Fourteen new principals are being ushered in this year, many because of poor student performance on the Florida Comprehensive Assessment Tests and low school grades. Last year, five Pinellas schools were ranked among the worst 20 in the state based on students’ reading gains, with Melrose Elementary in St. Petersburg landing at the bottom of the list. Eleven other Pinellas schools had low enough reading results that they will be required to add an hour to each school day for students to get more reading instruction.
In the 2012-13 school year, five Pinellas schools were required by the state Department of Education to undergo a “turnaround process” after years of low FCAT scores and school grades. Last year, nine more schools fell into that category. Teachers and principals at those schools had to reapply for their jobs, and many will have new staffs. The summer was spent making sure those teachers got “tremendous amounts of training on school improvement structures and where we go from here,” Grego said.
The new principals are Kristen Sulte at Azalea Elementary, Kristina Bauman at Bay Vista Fundamental Elementary, Kristy Moody at Douglas L. Jamerson Elementary, Robert Kalach Jr. at Gulf Beaches Elementary, Garyn Boyd at Kings Highway Elementary, Shannon Brennan at Mildred Helms Elementary, Bonnie Solinsky at Pinellas Gulf Coast Academy, Belinda Atkins at Ozona Elementary, Cecilia Palmer at Safety Harbor Elementary, Carrie Johnson at 74th Street Elementary, Daphne Miles at Sunset Hills Elementary, Raquel Payne Giles at Tarpon Springs Middle, James Joyer at Tarpon Springs High and Tammy Keiper at Woodlawn Elementary.
Four new middle school magnet programs launch this year. Azalea in St. Petersburg and East Lake, which will be housed on the East Lake High School campus, will start Engineering Gateway to Technology programs.
Pinellas Park Middle is starting a Cambridge Pre-Advanced Certificate of International Education program, and Tarpon Springs Middle is starting a Leadership Conservatory for the Arts with Pre-Cambridge Advanced International Certificate of Education. A new single-gender state pilot program is opening in the Science Center of Pinellas in St. Petersburg for about 44 middle school boys at risk of dropping out of school. The program is funded by AMIkids Pinellas, which received funding from the Legislature to expand dropout prevention programs.
The district also is expanding its science, technology, engineering and math academies, from 63 elementary and middle schools last school year to 78 elementary and 22 middle schools this school year. Robotics clubs also will increase, from seven last year to 10.
Two new technology-focused elementary magnet programs open, two schools are repurposed, and two schools are getting major face-lifts.
Kings Highway Elementary in Clearwater and Gulf Beaches Elementary in St. Pete Beach will reopen at nearly full capacity as Centers for Innovation and Digital Learning. Students will work on collaborative hands-on projects using electronic devices such as tablets and laptop computers.

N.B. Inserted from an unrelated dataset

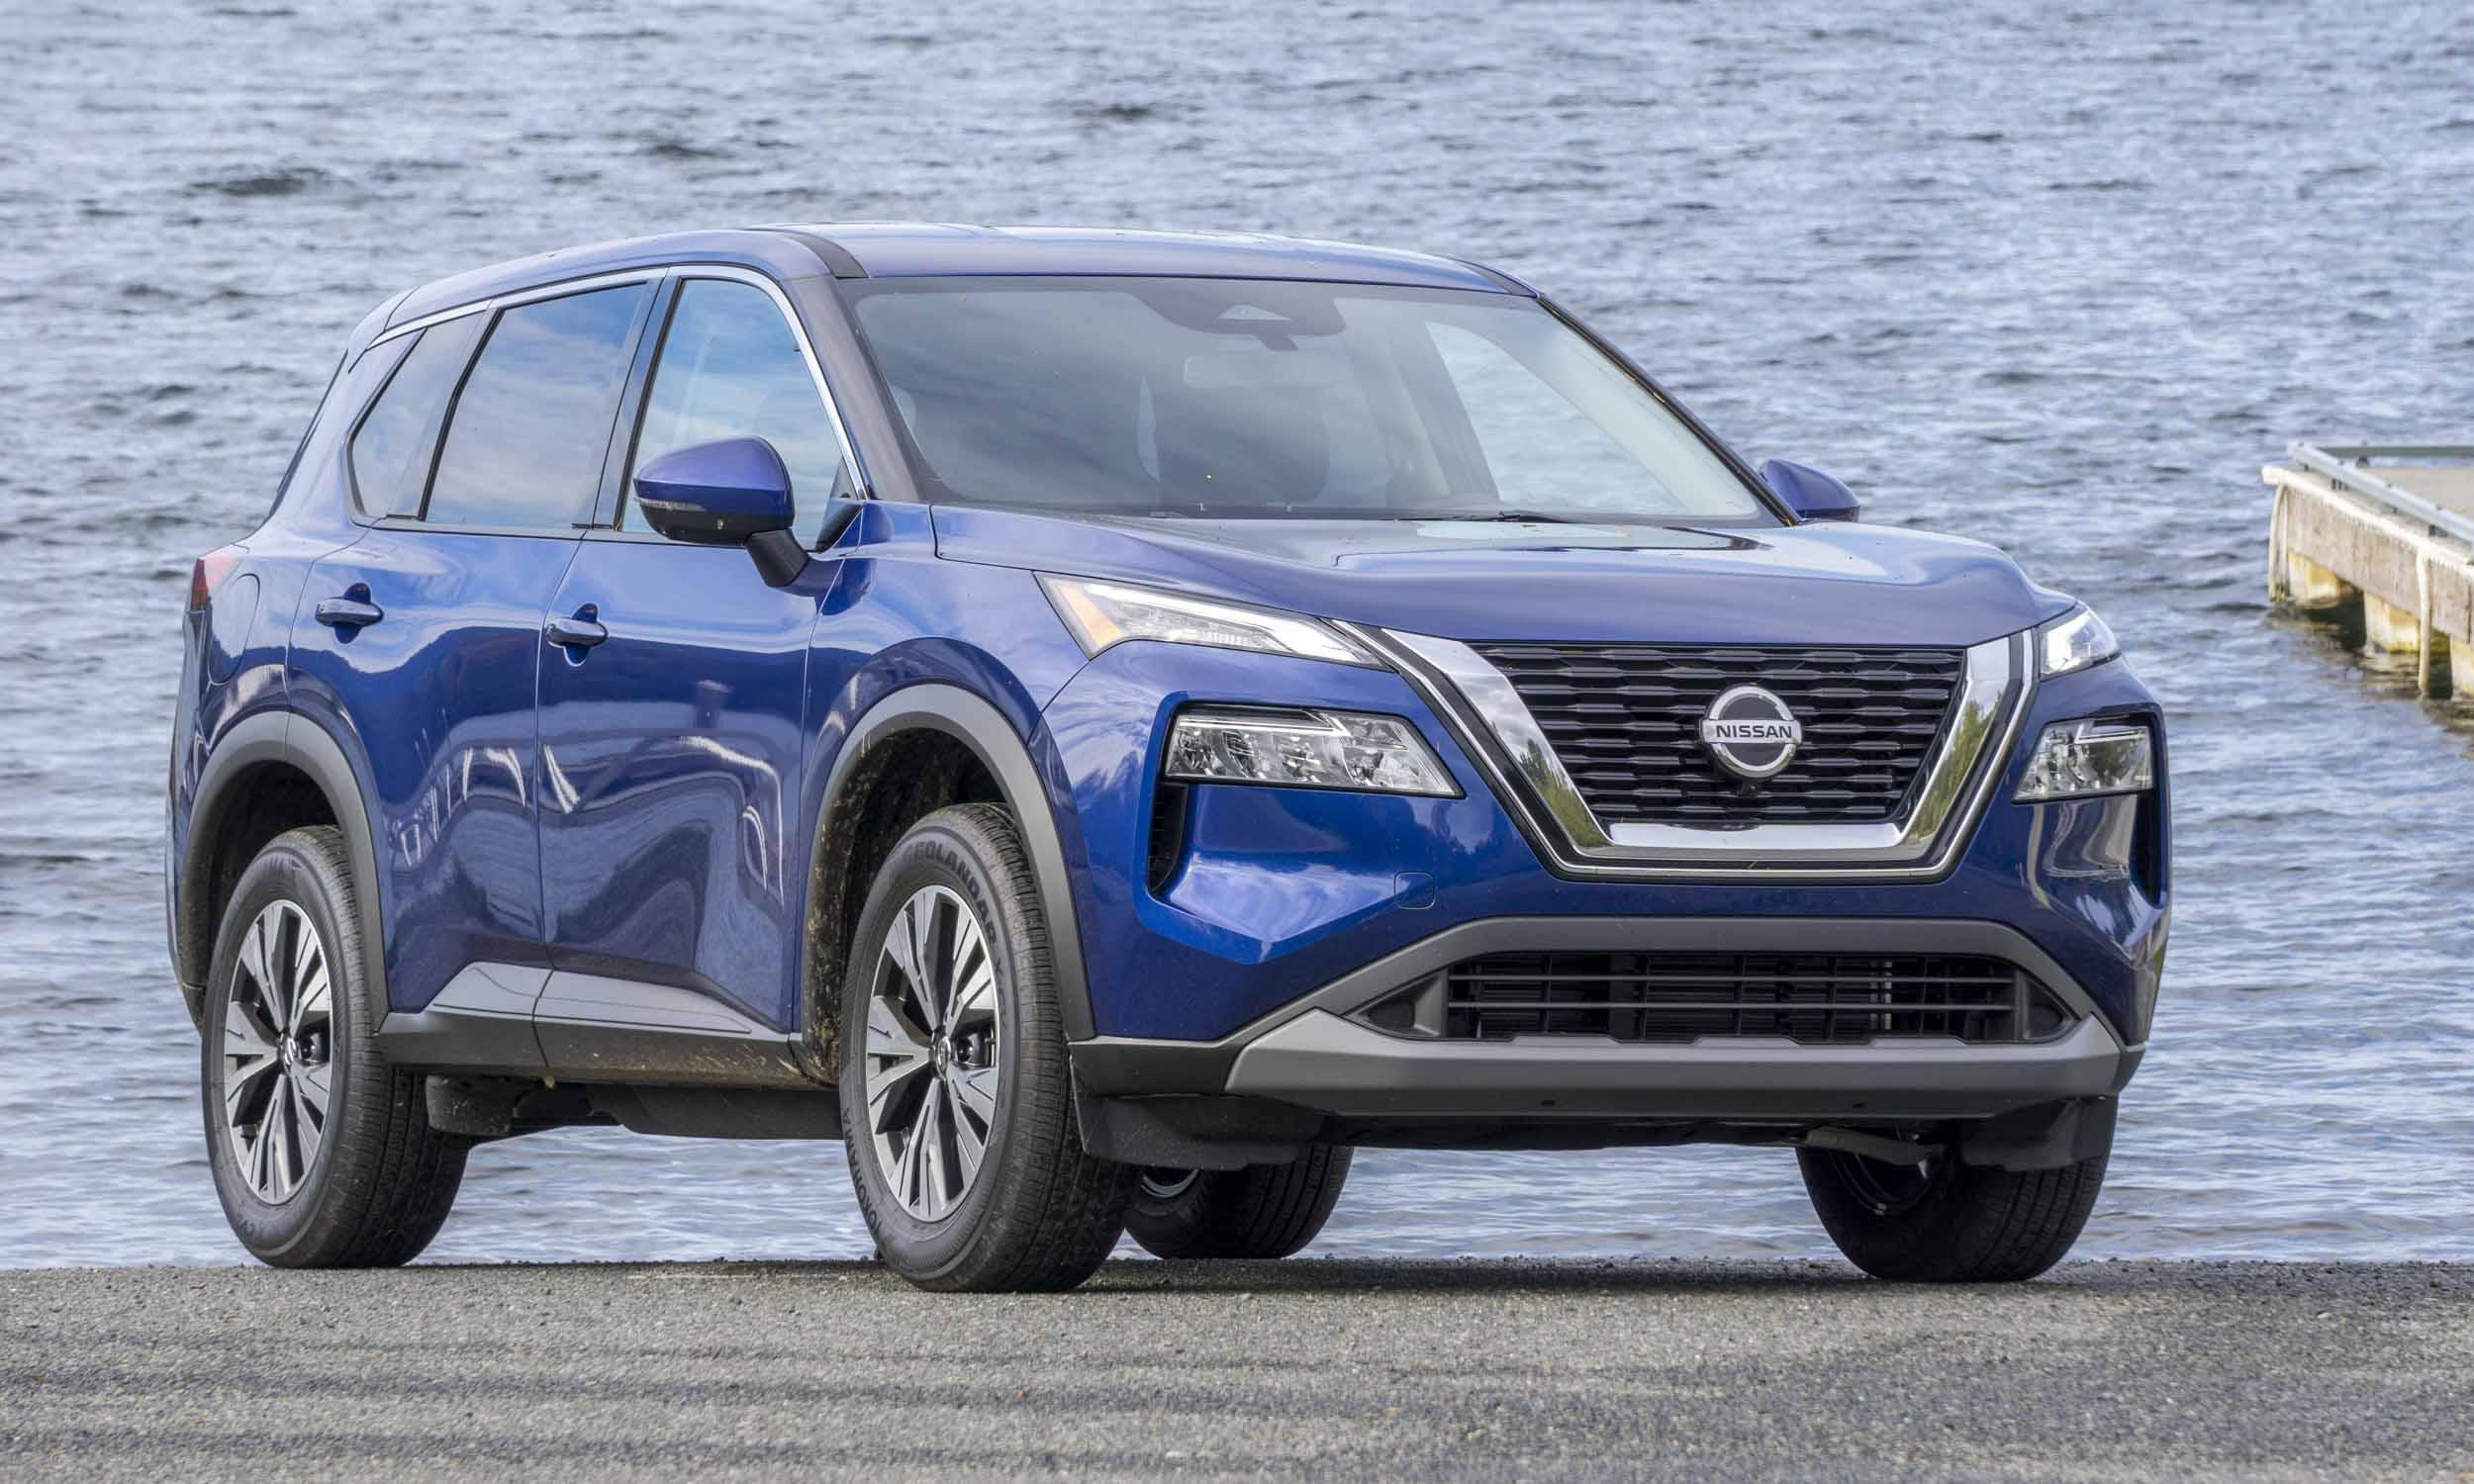 2021 Nissan Roguenbsp

The school district also is taking over a failed charter school, Pinellas Gulf Coast Academy, to serve ninth- through 12th-grade students at risk of dropping out. The school, at 1199 East Bay Drive, Largo, will be open from 7 a.m. to 7 p.m. to give students flexibility to schedule their coursework. Students will work at their own pace to make up course credits but have the option to take elective courses in digital music and art.
Palm Harbor University High School is adding 38 classrooms, eliminating the need for portables. The $13 million project could be completed by June. Largo High will be rebuilt completely by fall 2016, a $55 million project. The school’s buildings were demolished this summer, and the 1,700 students will take classes in 48 portable classrooms and at the former Largo Central Elementary School.